Normalize the following loop nest:

```c
for (int i=4; i<=N; i+=7) {
    for (int j=0; j<=N; j+=3) {
        A[i] = 0;
    }
}
```

- `i1`: $L_i = 4$, $U_i = N$, $S_i = 7$
- `i2`: $L_j = 0$, $U_j = N$, $S_j = 3$
- $i \rightarrow i_1 \cdot S_i - S_i + L_i = i_1 \cdot 7 - 7 + 4 = i_1 \cdot 7 - 3$
- $j \rightarrow i_2 \cdot S_j - S_j + L_j = i_2 \cdot 3 - 3 + 0 = i_2 \cdot 3 - 3$

- $L_{i_1} = 1$, $S_{i_1} = 1$
- $U_{i_1} = (U_i - L_i + S_i) / S_i = (N-4)/7 + 1$
- $L_{i_2} = 1$, $S_{i_2} = 1$
- $U_{i_2} = (U_j - L_j + S_j) / S_j = N/3 + 1$

```c
for (int i1 = 1; i1 <= ((N-4)/7)+1; i1++) {
    for (int i2 = 1; i2 <= (N/3)+1; i2++) {
        A[i1*7-3] = 0;
    }
}
```

### Snippet 3

Dependency analysis, distance vectors, possible parallelization:

```c
for(int i = 1; i < N; i++) {
    for(int j = 1; j < M; j++) {
        for(int k = 1; k < L; k++) {
            a[i+1][j][k-1] = a[i][j][k] + 5;    // S1
        }
    }
}
```

This loop next is already normalized, because `i<N` and `i<=N-1` etc. are equivalent.

There is a true dependence of statement `S1` on itself ($S_1 \delta S_1$, due to loop variable `i`), and an antidependence of `S1` on itself ($S_1 \delta^{-1} S_1$, due to loop variable `k`).

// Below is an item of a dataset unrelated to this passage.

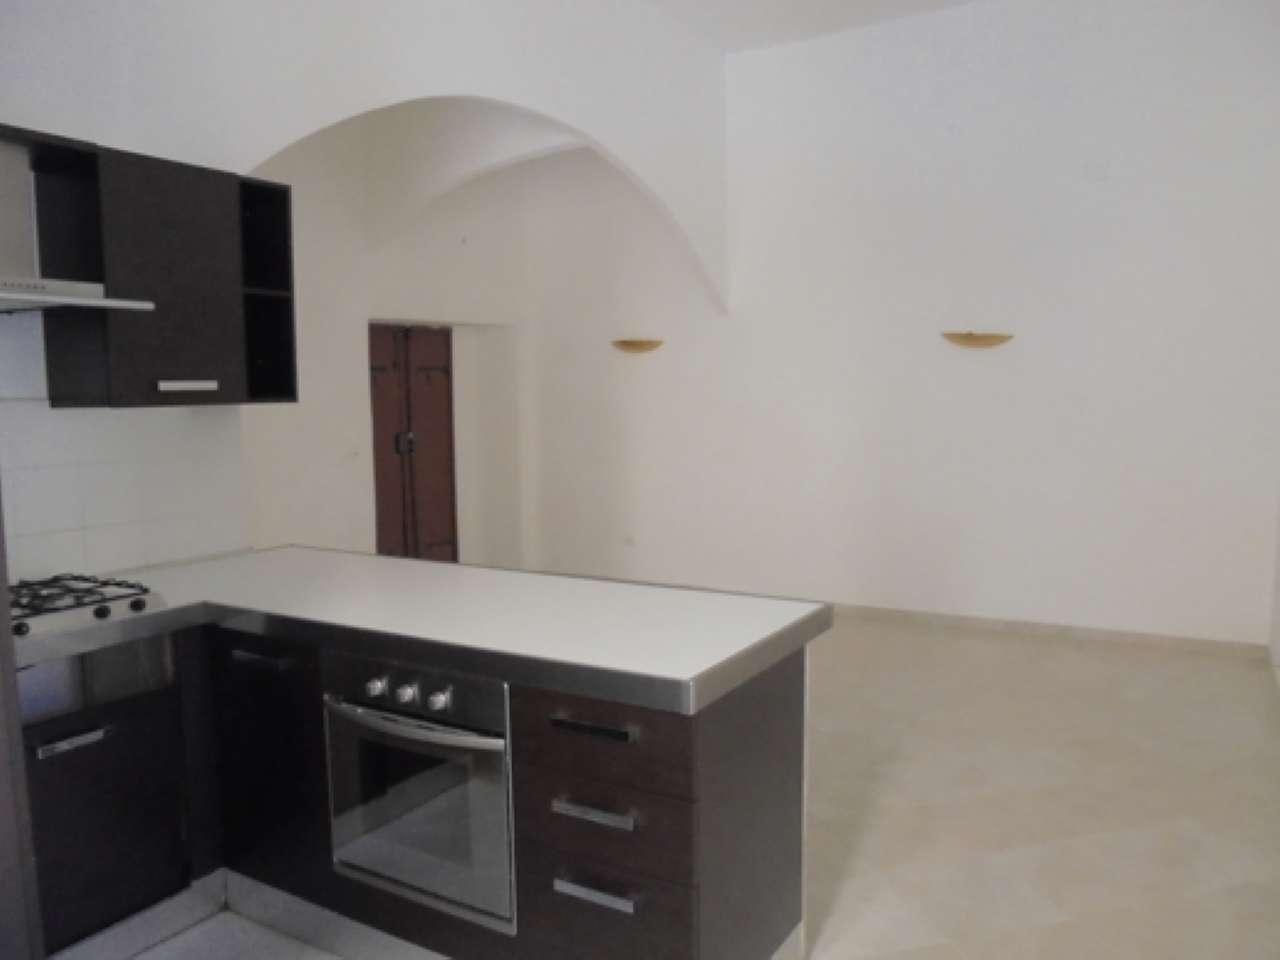 Appartamento ristrutturato in vendita Rif. 7141430

For the true dependence, the distance vector evaluates to a constant $(+1, 0, -1)$, and the direction vector evaluates to $(<,=,>)$.

The outermost loop cannot be parallelized at all, due to the true dependence with distance 1. The innermost loop cannot be parallelized at all due to an antidependence with distance 1 (this could be resolved by using a temporary copy of the whole array `a`, which would allow to write elements "before they are read", because the "original" element can still be read from the temporary copy instead).

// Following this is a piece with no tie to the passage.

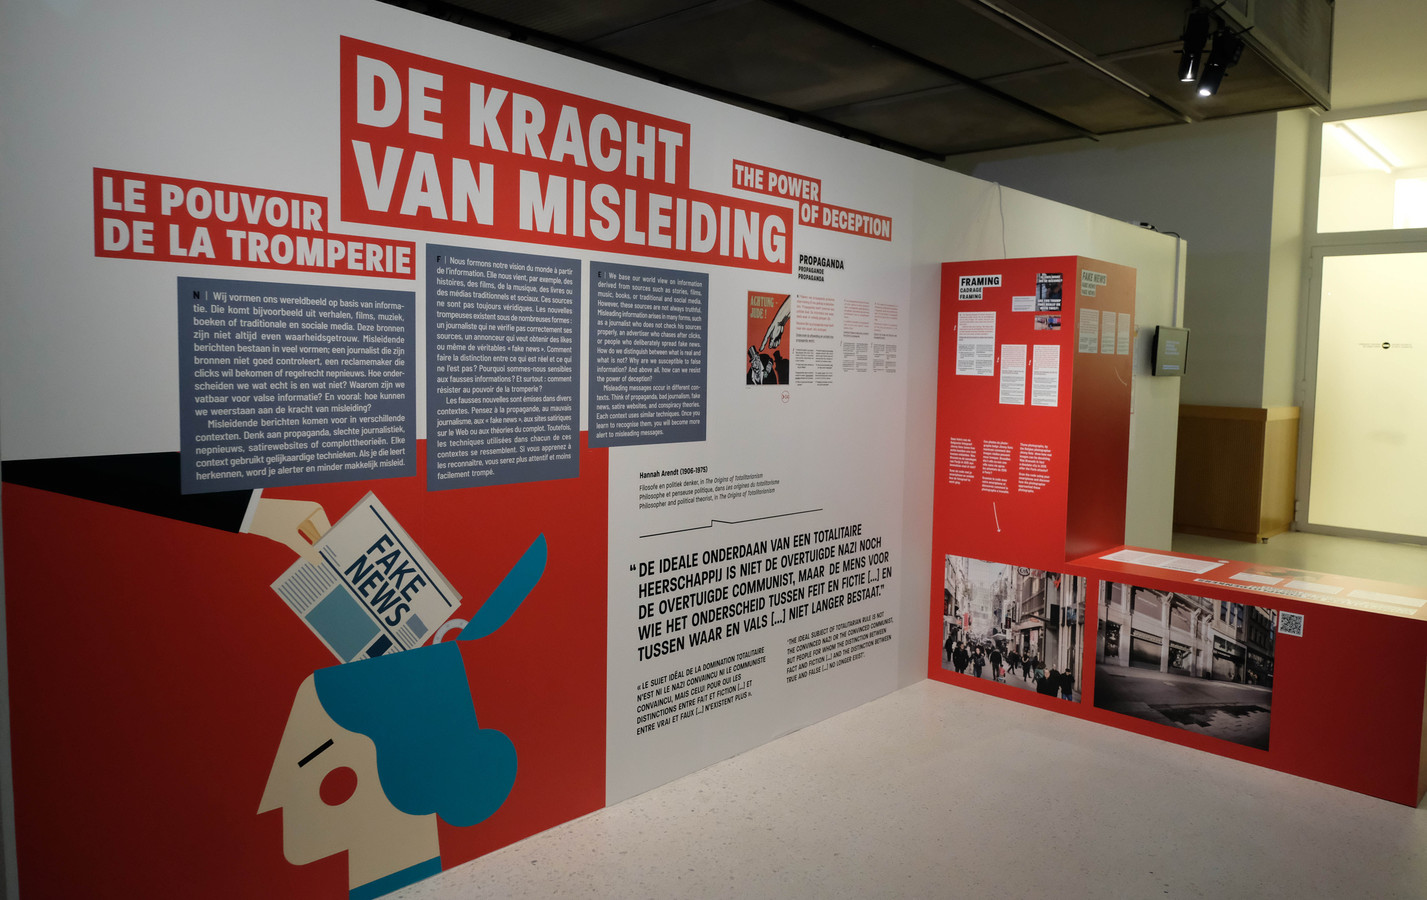 Tussen het historische materiaal vier interactieve opstellingen met actuele voorbeelden, die bezoekers moeten leren de mechanismen van stereotypen, vooroordelen, racisme, misleiding en humor te herkennen en doorprikken.

However, the middle loop can be safely parallelized, because memory locations of elements that are written to are always distinct from memory locations of elements that are read from (since the most-significant array index `i` is different), for example:

```c
for(int i = 1; i < N; i++) {
    # pragma omp parallel for
    for(int j = 1; j < M; j++) {
        for(int k = 1; k < L; k++) {
            a[i+1][j][k-1] = a[i][j][k] + 5;    // S1
        }
    }
}
```

Whether this parallelization provides a good performance improvement will probably depend on the size of the constants `N`, `M`, and `L`. If `M` is small compared to the other dimensions, then the benefit will probably be small. If `M` is the biggest dimension, then this parallelization should provide a decent speedup.